Currently we have 2 Datastores which we cannot bring online in our lab, they were working yesterday. I thought that their partition info might have gotten over-written by a windows machine but Ive checked the partitions and they report ok after following this article. http://kb.vmware.com/kb/2046610
Both partitions are coming from the same netapp aggregate and controller as working datastores and are mapped to the same iSCSI initiators. When you attempt to mount them in vsphere client you get the following error:
Call "HostStorageSystem.MountVmfsVolume" for Object "storageSystem" on ESXi 172.16.210.19" failed.
Operation failed, diagnostics report: Sysinfo error on operation returned status: Timeout.

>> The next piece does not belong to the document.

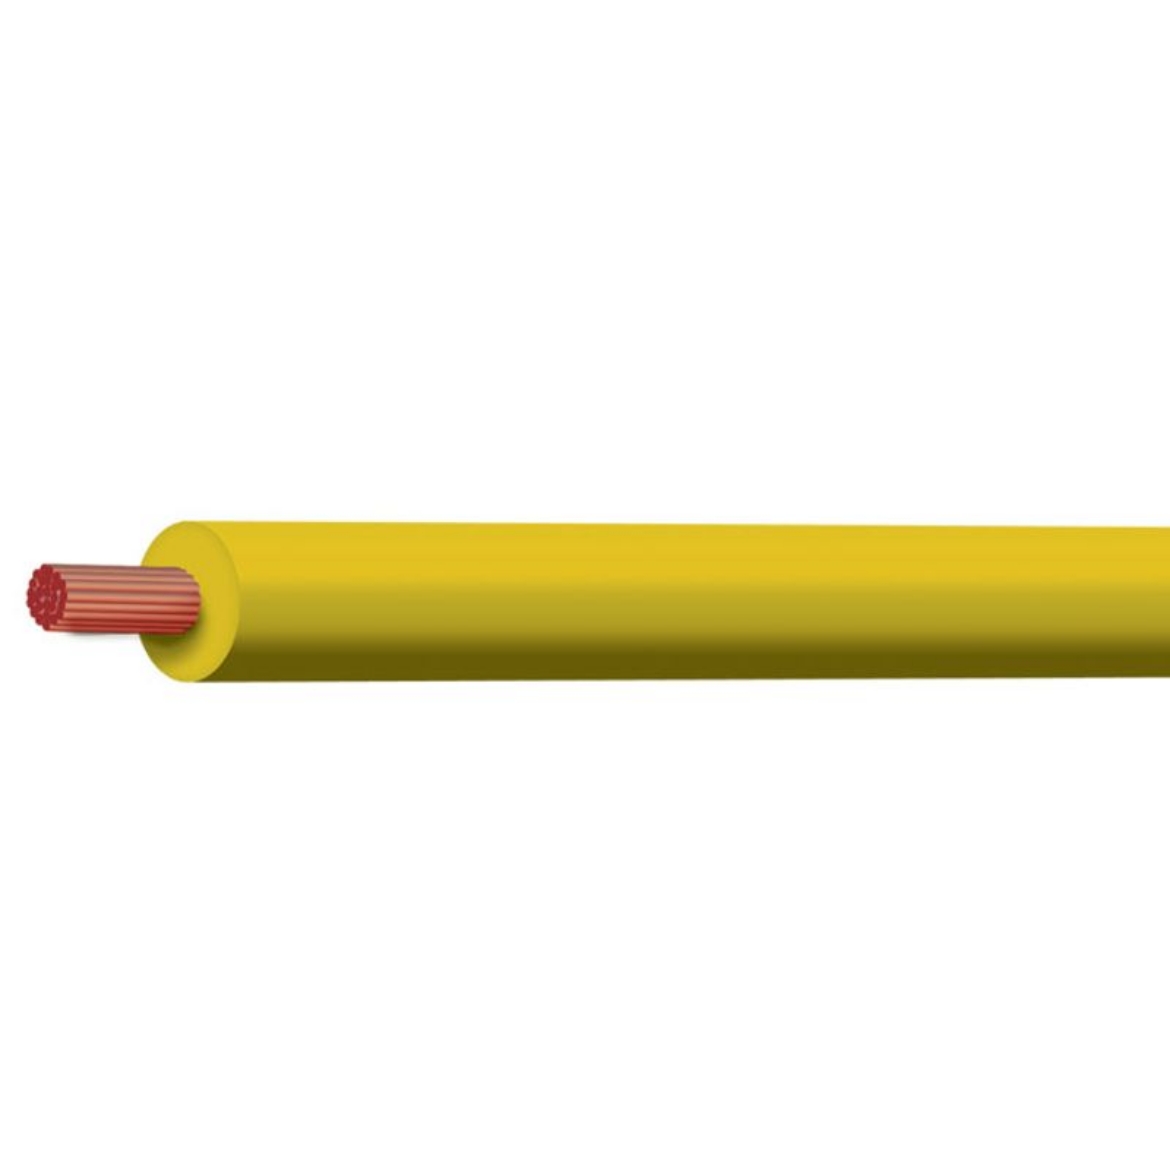 Picture of TYCAB 4MM SINGLE CORE CABLE 15A YELLOW - 30M ROLL

Please see the VMKernel.log for detailed information.
In the VMkernel log you just get this:
2015-01-16T10:40:36.584Z cpu16:8208)ScsiDeviceIO: 2331: Cmd(0x4124003b2880) 0x16, CmdSN 0x1cf0 from world 0 to dev "naa.60a9800043346c626b4a793543343973" failed H:0x5 D:0x0 P:0x0 Possible sense data: 0x0 0x0 0x0.
2015-01-16T10:40:36.584Z cpu6:10287)LVM: 11710: Failed to open device naa.60a9800043346c626b4a793543343973:1
2015-01-16T10:43:33.396Z cpu0:8224)NMP: nmp_ThrottleLogForDevice:2319: Cmd 0x1a (0x41244237c740, 0) to dev "mpx.vmhba35:C0:T0:L0" on path "vmhba35:C0:T0:L0" Failed: H:0x0 D:0x2 P:0x0 Valid sense data: 0x5 0x20 0x0. Act:NONE
2015-01-16T10:43:33.396Z cpu0:8224)ScsiDeviceIO: 2331: Cmd(0x41244237c740) 0x1a, CmdSN 0x1cfd from world 0 to dev "mpx.vmhba35:C0:T0:L0" failed H:0x0 D:0x2 P:0x0 Valid sense data: 0x5 0x20 0x0.
2015-01-16T10:48:33.401Z cpu28:8220)NMP: nmp_ThrottleLogForDevice:2319: Cmd 0x1a (0x412441596e00, 0) to dev "mpx.vmhba35:C0:T0:L0" on path "vmhba35:C0:T0:L0" Failed: H:0x0 D:0x2 P:0x0 Valid sense data: 0x5 0x20 0x0. Act:NONE
2015-01-16T10:48:33.401Z cpu28:8220)ScsiDeviceIO: 2331: Cmd(0x412441596e00) 0x1a, CmdSN 0x1d10 from world 0 to dev "mpx.vmhba35:C0:T0:L0" failed H:0x0 D:0x2 P:0x0 Valid sense data: 0x5 0x20 0x0.
Device naa.60a9800043346c626b4a793543343973:1 is VMstore2
/var/log # vsish
/> cd vmkModules/lvmdriver/unresolved/devices/
/vmkModules/lvmdriver/unresolved/devices/> ls
0#naa.60a9800043346c626b4a793543343973:1/
0#naa.60a9800043346c626b4b315142424361:1/
/vmkModules/lvmdriver/unresolved/devices/> cat 0#naa.60a9800043346c626b4a793543343973:1/properties
Unresolved device information {
VMK name:naa.60a9800043346c626b4a793543343973:1
LV name:536215f8-a64160c8-06e1-d4ae52901623
LV State:1
VMFS3 UUID (First extent only):536215fb-a58b7b2c-17af-d4ae52901623
VMFS3 label (First extent only):NetApp_VMstore2
Reason: Native unmounted volume
Extent address start (MB):0
Extent address end (MB):2096895
Volume total size (MB):2096896
}
/vmkModules/lvmdriver/unresolved/devices/
Here is 3 important KBs to check and discover SCSI problems via SCSI sense codes:
As I checked, there is a problem on your SCSI device.
Yup I see that now:
VMK_SCSI_HOST_ABORT = 0x05 or 0x5 = This status is returned if the driver has to abort commands in-flight to the target. This can occur due to a command timeout or parity error in the frame.
So if I am reading this right the SCSI command aborted because of something the NetApp did?